Fine-tuning the LLM for classification yielded only marginal improvements. While specificity improved slightly (to 50% in one fine-tuned model), overall performance often declined, and the models still struggled to clearly distinguish between HGG and LGG. Consistency tests further revealed instability in the LLM’s predictions, even with identical inputs, suggesting it hadn’t learned a robust decision boundary.
Key Findings in Image Segmentation
The CNN baseline model showed solid performance in segmenting gliomas, achieving a Dice coefficient of 0.5942 (a measure of overlap between predicted and actual tumor areas). It accurately segmented larger gliomas, capturing their boundaries and general shapes well. However, it faced challenges with smaller or irregularly shaped tumors, sometimes overestimating or under-representing their extent, or even segmenting broader brain regions.

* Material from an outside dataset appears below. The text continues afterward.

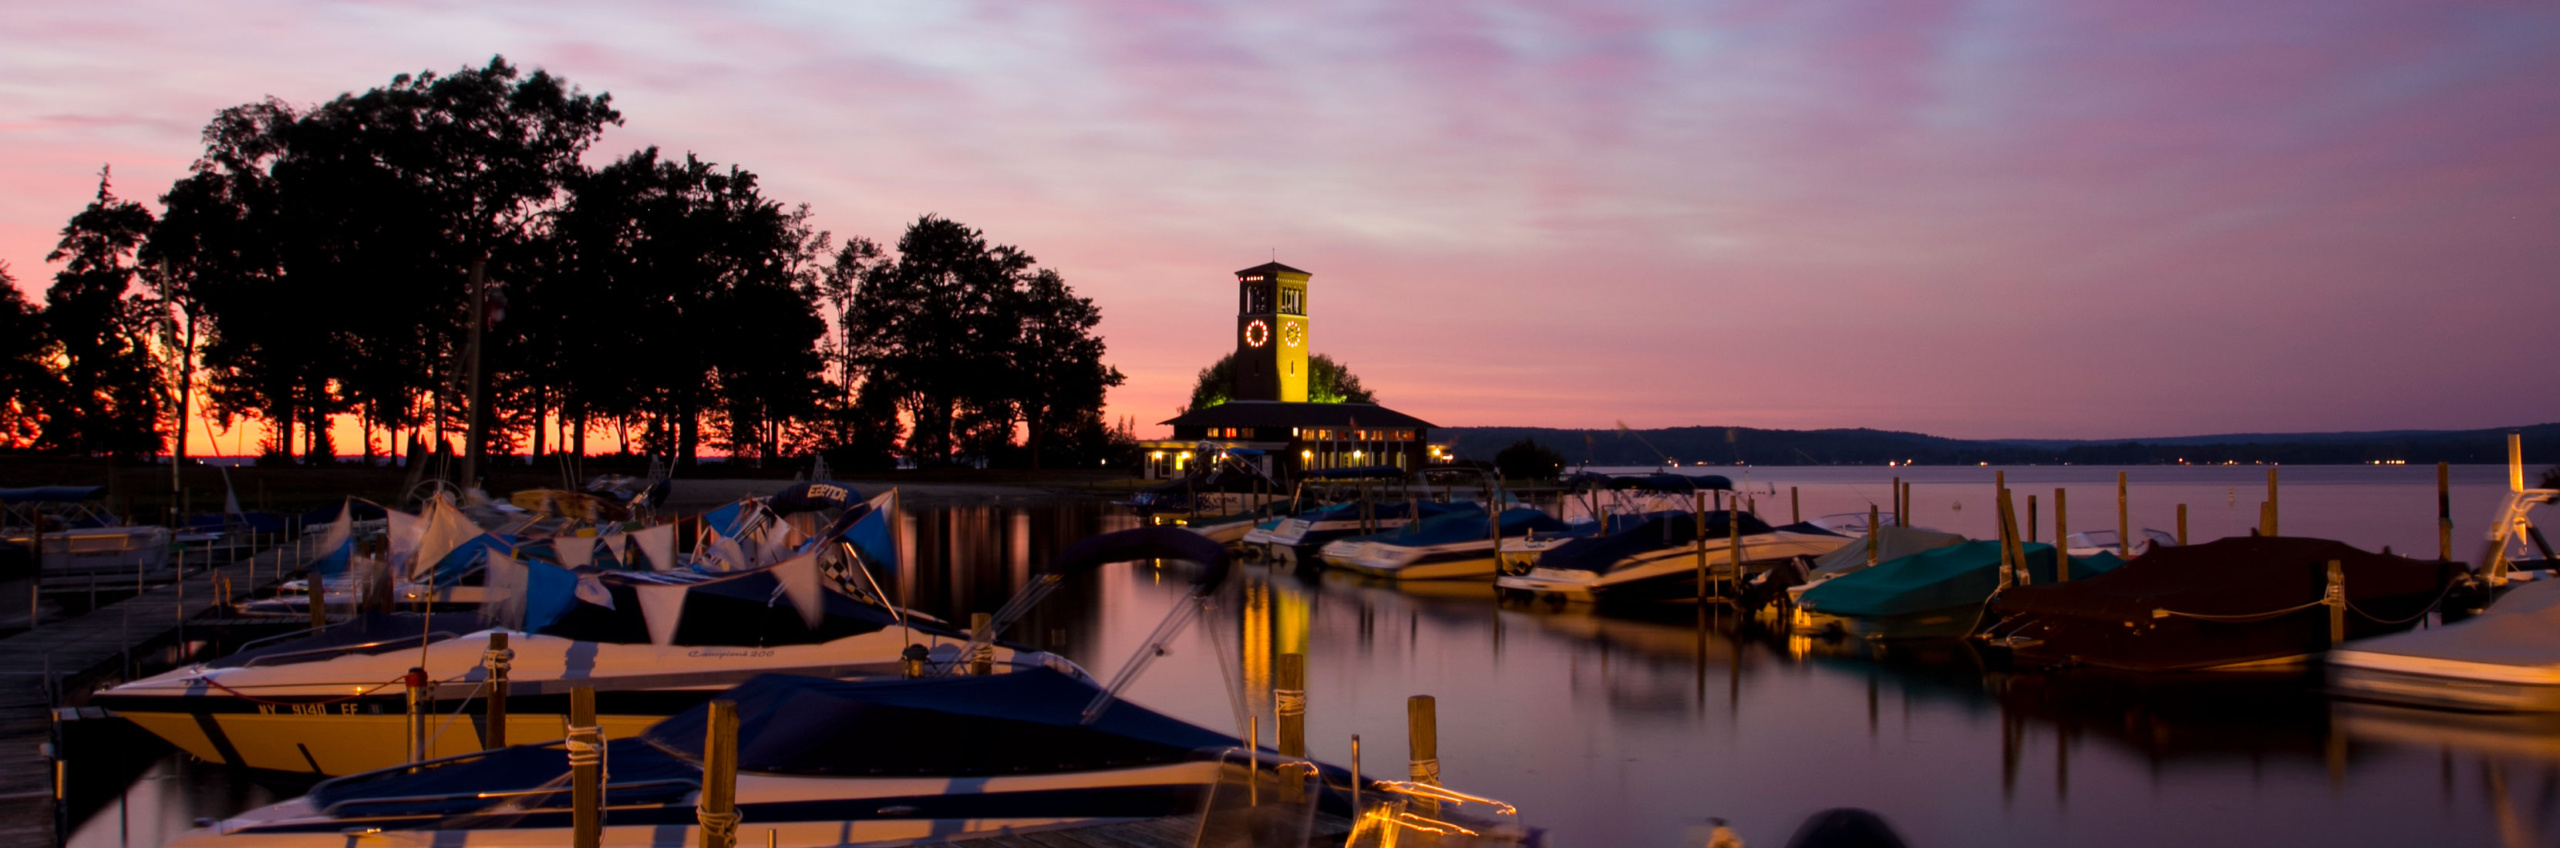 Miller Bell Tower and the docks at sunset on Chautauqua Lake

The general LLM’s performance in all three segmentation tasks (center point, bounding box, and bounding polygon) was notably poor. Predicted points and boxes were often scattered or clustered near the image center, showing little to no sensitivity to the actual tumor’s size, location, or shape. Dice coefficients were very low (e.g., 0.1219 for bounding box, 0.0412 for bounding polygon), indicating minimal overlap with true tumor areas. Hausdorff distances were high, reflecting significant localization errors.

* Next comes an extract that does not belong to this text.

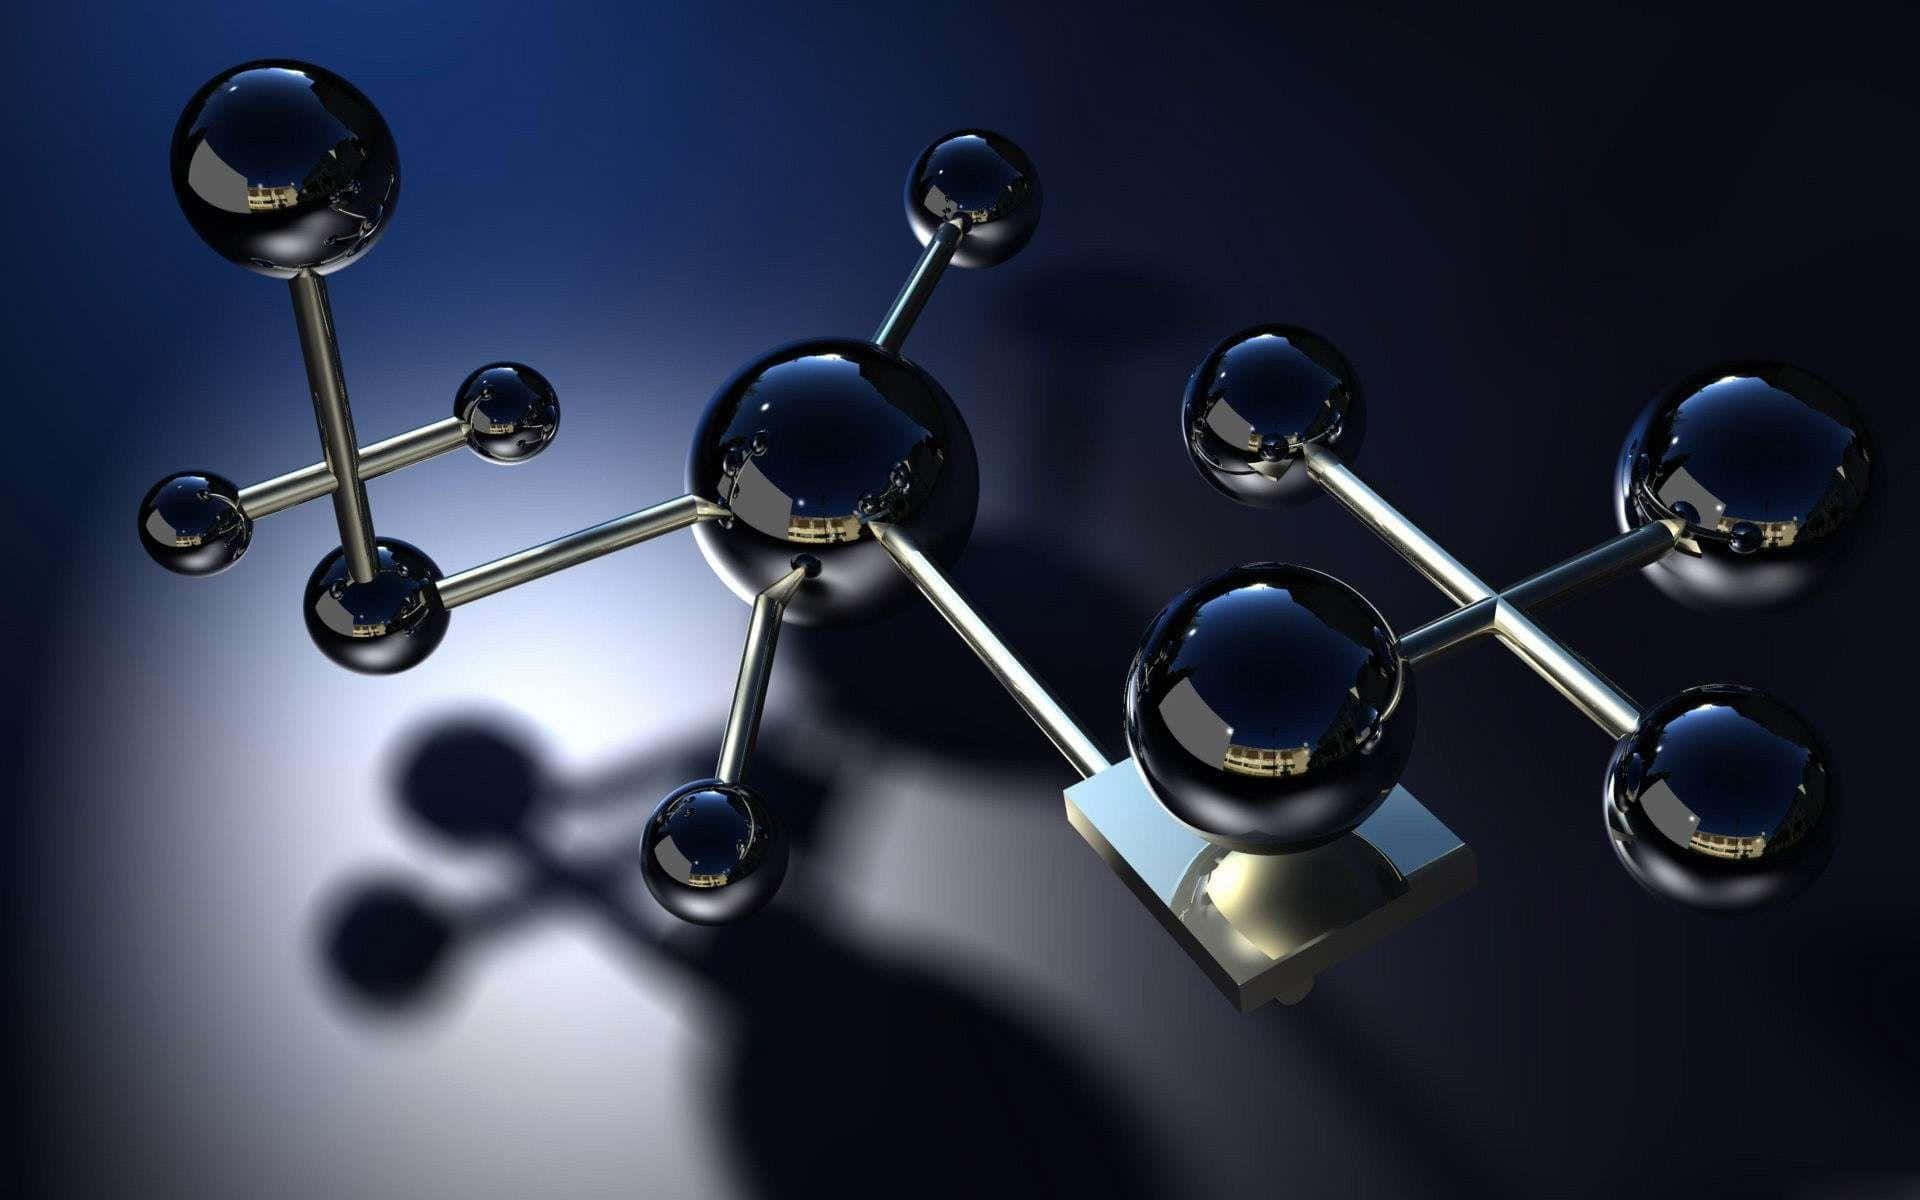 atomic structure wallpaper

Fine-tuning the LLM for segmentation also resulted in minimal improvement. Predictions remained largely random and centered, failing to align with actual tumor locations or sizes. While the models sometimes produced more consistent output formats after fine-tuning, the accuracy of the segmentations did not meaningfully improve.
Also Read:
- Assessing Multimodal AI for Adolescent Scoliosis Care: A ‘Divide and Conquer’ Approach
- Geometry-Guided AI Enhances Multi-View Mammography Analysis
Conclusion and Future Outlook
The study concludes that, in their current form, traditional Convolutional Neural Networks significantly outperformed Large Language Models in both brain tumor classification and segmentation tasks. CNNs demonstrated superior accuracy, robustness, and the ability to handle class imbalances and complex spatial relationships in medical image data. LLMs, despite their versatility, showed limited spatial understanding and minimal benefits from the fine-tuning strategies employed in this research.
The findings underscore the importance of domain-specific models for specialized medical imaging tasks. While LLMs hold potential for healthcare AI, more rigorous fine-tuning, larger datasets, and alternative training strategies that better integrate spatial and multi-modal information will be necessary for them to achieve comparable performance and utility in image-based medical applications.